Sunday, 11 October 2009

1989 Bangles: Eternal Flame

Something of a break from the norm for Bangles (no 'The') 'Eternal Flame' jettisoned the soft rock power pop that was their former stock in trade and in favour of a ballad that left the guitars unplugged and them emerging from their garage, blinking into the sunlight all the while; yes, 'Eternal Flame' has a definite vibe of sunshine, but the first thing to notice about this is its metronomic quality. Each note chimes with the precise timekeeping tone of a plucked jewellery box comb. Instead of flowing seamlessly, they shift from A to B in a series of definite steps with gaps of nothing in-between.

It's something that lends itself well to the lyrics, sung here by Susanna Hoffs as more or less a series of short, individual statements - i
n the course of the whole song there are only eleven words of more than one syllable, and even these are broken down into their individual components and dictated like learning English by rote:'Close. Your. Eyes. Give. Me. Your. Hand. Dar. Ling. Can. You. Feel. My. Heart. Beat. Ing? Do. You. Un. Der. Stand? - each syllable arrives with it's own stilting anti-tank barrier full stop, a robotic litany that works to prevent any true emotion from breaking through.

Not only that, what also doesn't help on the emotion front is that very same vocal by Hoffs - the thinking of the younger me went 'four women in Bangles and she has the best voice to sing this'?, but looking at it afresh, the song simply wouldn't allow anyone more accomplished to interpret it as they saw fit; it's tied down by its own straitjacket for that. Anyone trying to present the lyric as anything other than clipped statements of intent would soon find themselves lagging behind the hard taskmaster of that mechanical melody; even when the strings swoop down on the middle eight to try to swamp proceedings it's still there, ticking away in the background
(the later cover by Atomic Kitten sidestepped this problem by setting it to a more conventional beat and playing it straight).
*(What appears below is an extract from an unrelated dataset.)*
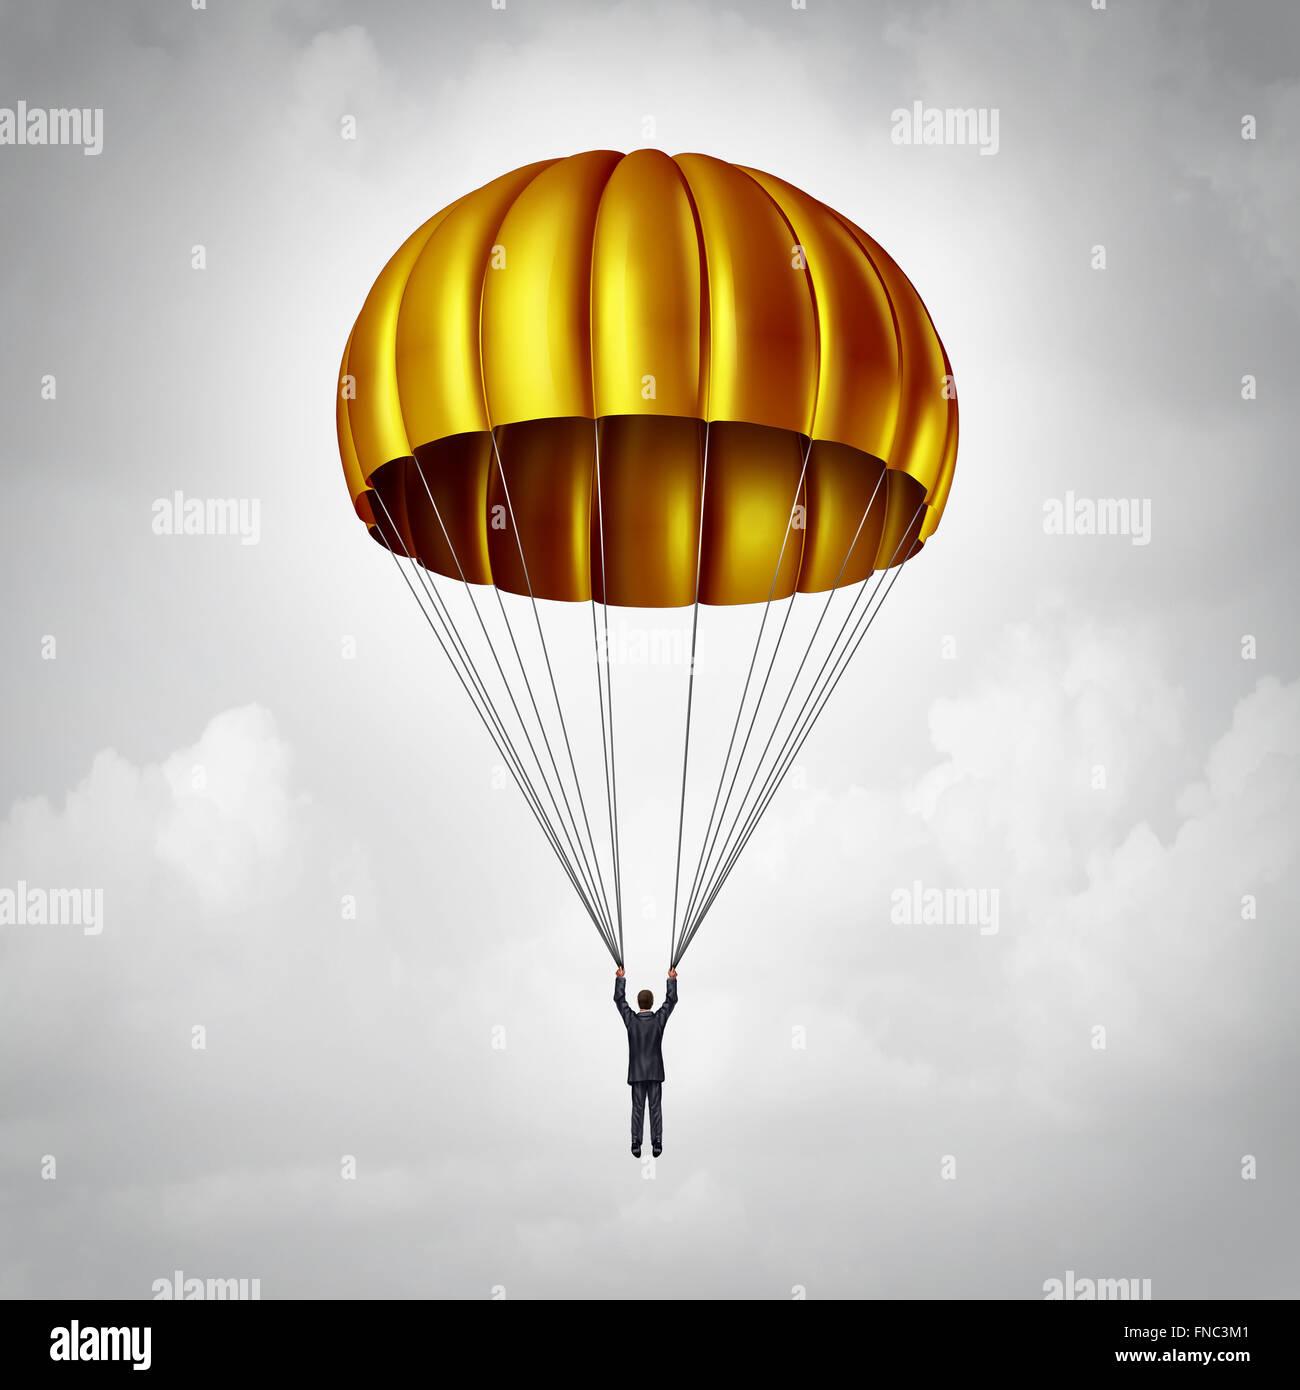 Goldenen Fallschirm-Konzept als Geschäftsmann Fallschirmspringen sicher nach unten mit einem goldenen Podest Stockbild

The only time Hoffs does break ranks to let rip is on the closing 'Flaaaaaaaaaaaaammmmmme', but she aims for a note she wouldn't have reached with a fireman's ladder and instead of an arms aloft cry of ecstasy, it's the cracked and broken tones of someone trying to stretch a pane of glass and it sabotages the big climax that 'Eternal Flame' had been quietly building to.
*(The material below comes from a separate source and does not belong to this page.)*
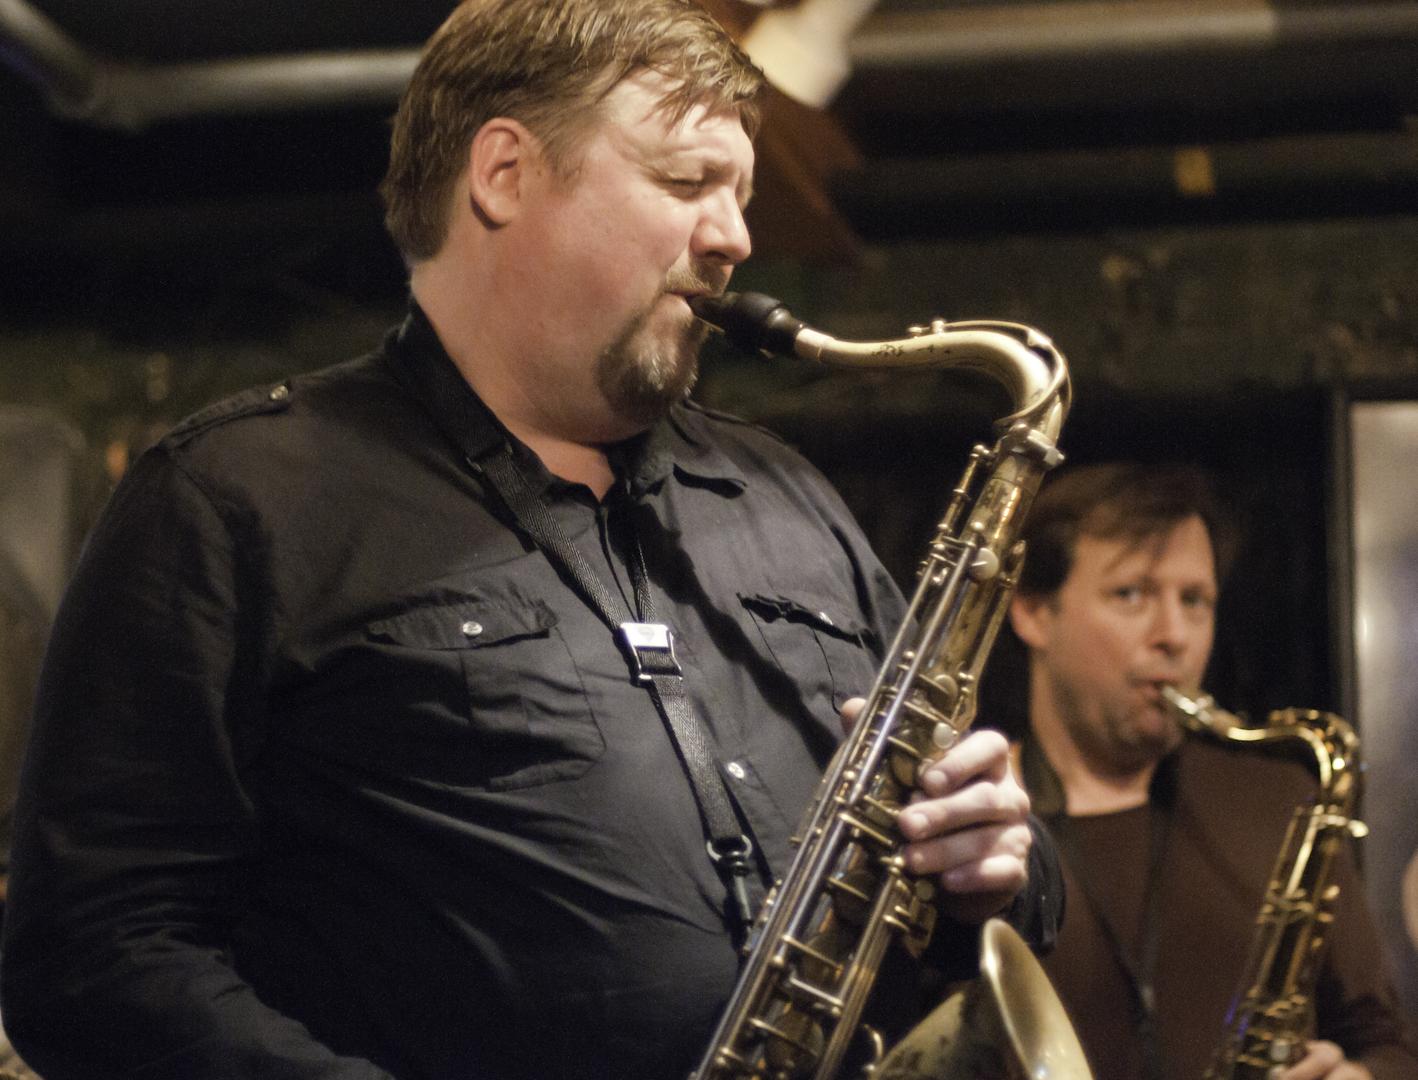 Joel Frahm with Ari Hoenig Trio

Reading through the above, I'm conscious that I sound far more mean minded about this than I mean to, especially toward a band trying to break their usual mould. 'Eternal Flame' is a pretty enough song to be sure, as pretty as a music box in fact, but that's about where it ends. There's precious little depth to either music or lyrics to keep you coming back for more. Once you've heard one plink plonk cycle of the verse and chorus then you've generally heard enough and it's time to close the lid.